As soon as the news broke of the horrific tragedy in Charleston, SC, an editor reached out to me to ask if I would write something to weigh in with my opinion. I was cautious and apprehensive, but I sat at my laptop and shared about the need for us to stop being divisive and instead to listen and collaborate to ensure every voice in this controversial issue to be heard.
I expected a lot of backlash but the response was OK, with only one critic from each faction, including an activist from my very own "camp" of mental health advocacy.
The most important critique was from someone who told me that I had no place in sharing my opinions because I am white. I was hesitant about writing so early in the wake of this tragedy, and now agree that there's a good reason to stay quiet, but it's not because of the color of my skin.

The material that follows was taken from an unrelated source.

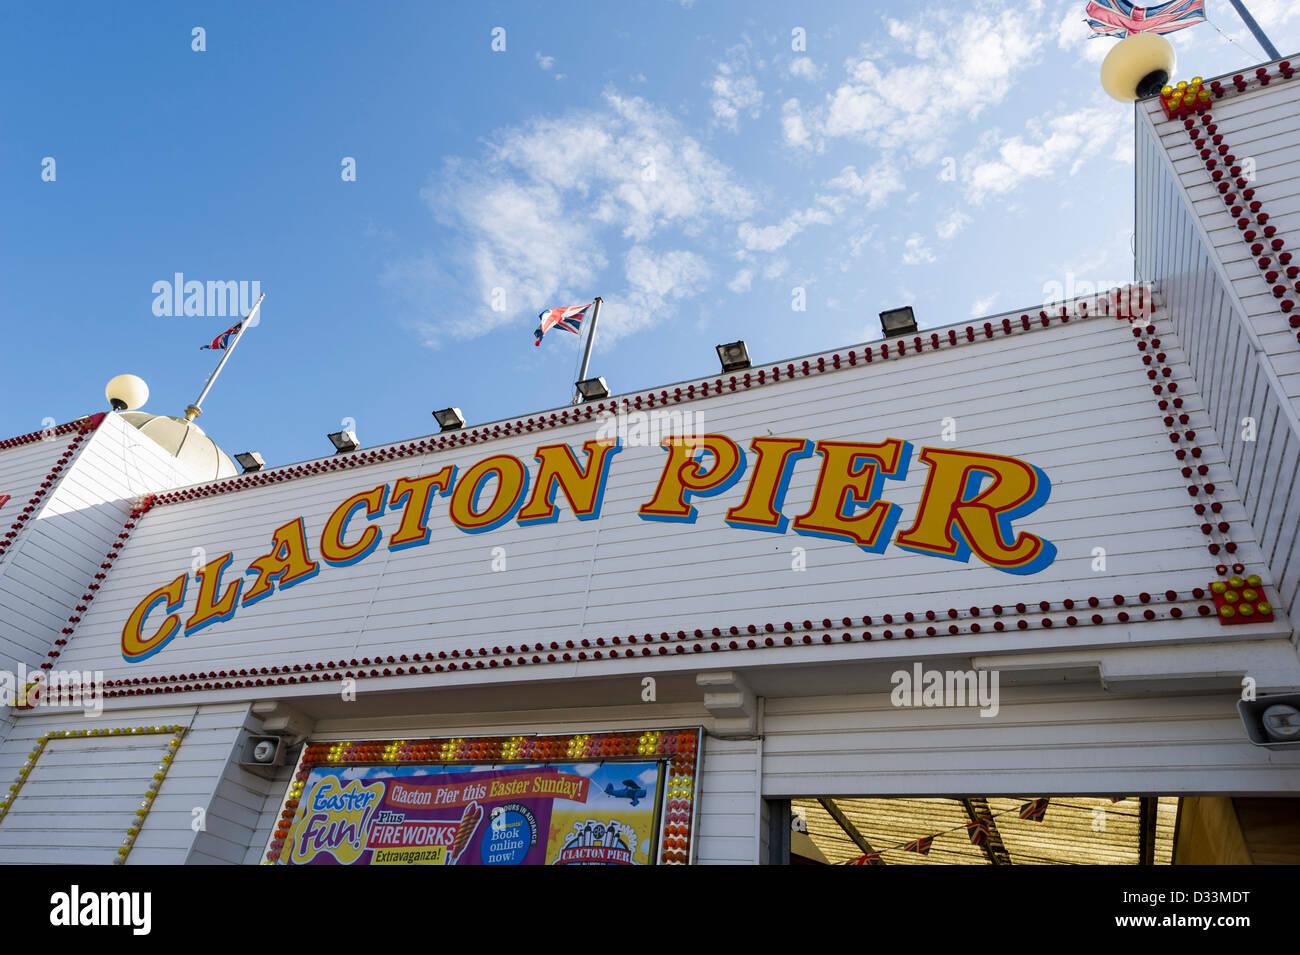 Clacton Pier in Essex, England, UK - Stock Image
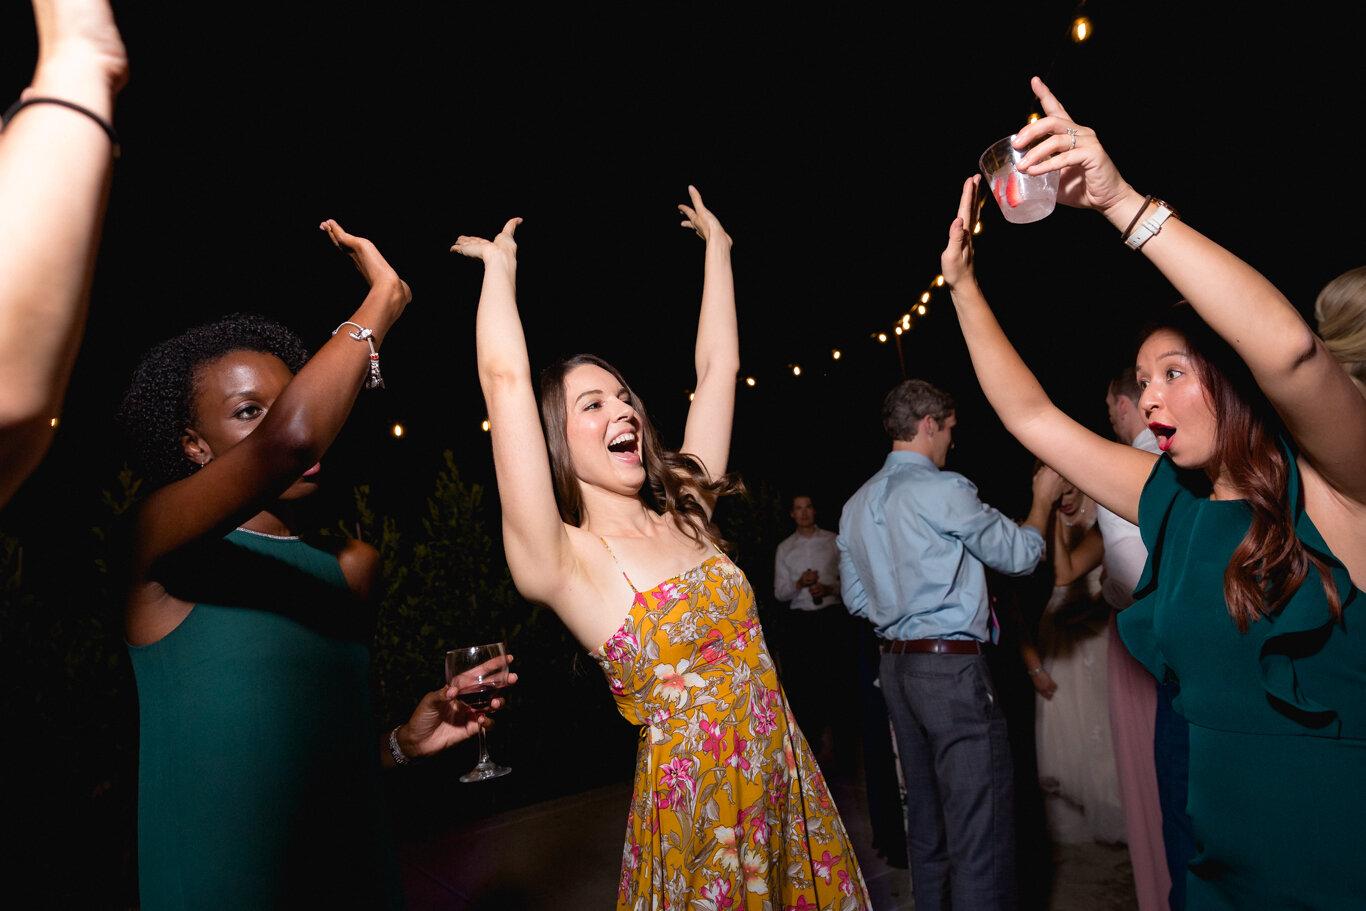 2019.08.24_Emily-Ashir-Wedding-at-the-Maples-6616.jpg

The reason to stop speaking is because what we all need to do is hold space and use this moment to sit in solidarity with the community in Charleston. We need to listen and take the lead from these awe-inspiring people who are calling for peace and love. Distracting with talk of flags, mental health, guns, racism and terrorism is our way of defending and trying to make sense of the unthinkable.
The experts on this are the people on the ground who are experiencing this storm of unbearable grief and trauma. We have a lot to learn from them in embracing our "oneness" as the human family. This is not easy to do because it means that we must understand the complex reality that the potential for good and evil, love and hatred lives within all of us.
With this profound demonstration of unity through love and forgiveness, how can we talk about anything else? The answers to all the diverse political opinions that are dividing us as a nation lie in the power and light of the AME church service on Sunday where the community's only agenda involved worship, faith and love. The answers lie in the words of the granddaughter of Daniel Simmons Sr. to Dylann Roof when she said, "Although my grandfather and the other victims died at the hands of hate, this is proof--everyone's plea for your soul is proof that they lived in love and their legacies will live in love. So, hate won't win... I just want to thank the courts for making sure that hate doesn't win."
What a contrast that seems to one of the many disturbing moments of the past week when Dylann Roof's uncle declared that he would like to be the one to push the button to kill his own nephew. Does hate really feel good? It doesn't seem to move any of us forward towards addressing the deeply rooted societal issues that are literally killing us. While revenge might feel like a quick fix, it only poisons our hearts, minds and souls to keep us stuck in this all too familiar cycle.
The congregants and their Charleston neighbors have shown us a stronger power to change hearts and minds. And they are not alone. A few weeks ago, I sat in the JFK library for the Kennedy Forum conference and Gala led by the leader of our mental health movement, Patrick Kennedy. Kennedy convened the most unlikely group of speakers from diverse political groups where unification and hope were palpable. It was the closest thing to peace on earth that I have ever experienced. One after another, we listened to riveting speeches from leaders on opposite ends of the political spectrum. Martin Luther King lll, Newt Gingrich, Wayne Brady and Patrick Kennedy inspired us through unprecedented collaboration with all judgment suspended for the common good. The power of this type of unified focus is what we need.
These tragedies are becoming far too common, but the silver lining is that the momentum of effective activism is building. This incident in Charleston is not the first time that we are seeing this type of radical humanity. The Marquez-Greene family, who lost their daughter Ana Grace in the Sandy Hook tragedy, approached their life after the unfathomable horror with the philosophy that "Love Wins."
While some may choose this moment to talk about the death penalty, the revolutionary Marquez-Greene family and people of Charleston have shown us how to choose love over hate, forgiveness over revenge, and, most of all, life over death!